**What is expected**.
The answer must be exactly the lines from the one containing "安卓多开分身V7.6 永久VIP付费会员破解修复闪退版" through the end of the material, with both ends kept and no other lines.

**Material for the task**.
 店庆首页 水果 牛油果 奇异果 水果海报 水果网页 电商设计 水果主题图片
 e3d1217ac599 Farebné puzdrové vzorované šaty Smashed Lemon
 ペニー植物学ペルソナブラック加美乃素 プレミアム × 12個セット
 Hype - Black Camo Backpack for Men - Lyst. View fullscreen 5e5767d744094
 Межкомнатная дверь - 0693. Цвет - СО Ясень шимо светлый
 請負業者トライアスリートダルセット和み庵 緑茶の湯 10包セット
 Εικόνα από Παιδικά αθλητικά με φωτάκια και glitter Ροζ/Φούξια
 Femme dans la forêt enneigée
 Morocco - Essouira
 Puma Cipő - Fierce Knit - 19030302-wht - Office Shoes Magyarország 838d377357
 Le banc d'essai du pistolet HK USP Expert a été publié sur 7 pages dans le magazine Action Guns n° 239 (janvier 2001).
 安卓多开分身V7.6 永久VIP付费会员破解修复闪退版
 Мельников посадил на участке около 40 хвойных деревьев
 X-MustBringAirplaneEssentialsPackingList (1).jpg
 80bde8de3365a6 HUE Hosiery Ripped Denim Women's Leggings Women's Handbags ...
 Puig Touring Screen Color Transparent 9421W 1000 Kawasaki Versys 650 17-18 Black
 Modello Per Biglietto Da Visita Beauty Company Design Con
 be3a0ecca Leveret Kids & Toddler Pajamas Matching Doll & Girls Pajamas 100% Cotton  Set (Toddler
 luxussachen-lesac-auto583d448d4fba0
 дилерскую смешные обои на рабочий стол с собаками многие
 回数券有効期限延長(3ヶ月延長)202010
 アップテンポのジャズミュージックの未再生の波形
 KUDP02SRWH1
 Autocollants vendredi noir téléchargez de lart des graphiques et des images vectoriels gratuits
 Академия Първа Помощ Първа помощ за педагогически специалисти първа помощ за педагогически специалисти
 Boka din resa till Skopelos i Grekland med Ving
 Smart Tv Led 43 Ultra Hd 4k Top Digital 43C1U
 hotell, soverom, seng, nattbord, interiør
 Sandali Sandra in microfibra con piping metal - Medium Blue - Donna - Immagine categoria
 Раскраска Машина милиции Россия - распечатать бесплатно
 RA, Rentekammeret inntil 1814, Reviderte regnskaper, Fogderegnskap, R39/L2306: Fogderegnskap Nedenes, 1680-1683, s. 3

**Expected output**.
 安卓多开分身V7.6 永久VIP付费会员破解修复闪退版
 Мельников посадил на участке около 40 хвойных деревьев
 X-MustBringAirplaneEssentialsPackingList (1).jpg
 80bde8de3365a6 HUE Hosiery Ripped Denim Women's Leggings Women's Handbags ...
 Puig Touring Screen Color Transparent 9421W 1000 Kawasaki Versys 650 17-18 Black
 Modello Per Biglietto Da Visita Beauty Company Design Con
 be3a0ecca Leveret Kids & Toddler Pajamas Matching Doll & Girls Pajamas 100% Cotton  Set (Toddler
 luxussachen-lesac-auto583d448d4fba0
 дилерскую смешные обои на рабочий стол с собаками многие
 回数券有効期限延長(3ヶ月延長)202010
 アップテンポのジャズミュージックの未再生の波形
 KUDP02SRWH1
 Autocollants vendredi noir téléchargez de lart des graphiques et des images vectoriels gratuits
 Академия Първа Помощ Първа помощ за педагогически специалисти първа помощ за педагогически специалисти
 Boka din resa till Skopelos i Grekland med Ving
 Smart Tv Led 43 Ultra Hd 4k Top Digital 43C1U
 hotell, soverom, seng, nattbord, interiør
 Sandali Sandra in microfibra con piping metal - Medium Blue - Donna - Immagine categoria
 Раскраска Машина милиции Россия - распечатать бесплатно
 RA, Rentekammeret inntil 1814, Reviderte regnskaper, Fogderegnskap, R39/L2306: Fogderegnskap Nedenes, 1680-1683, s. 3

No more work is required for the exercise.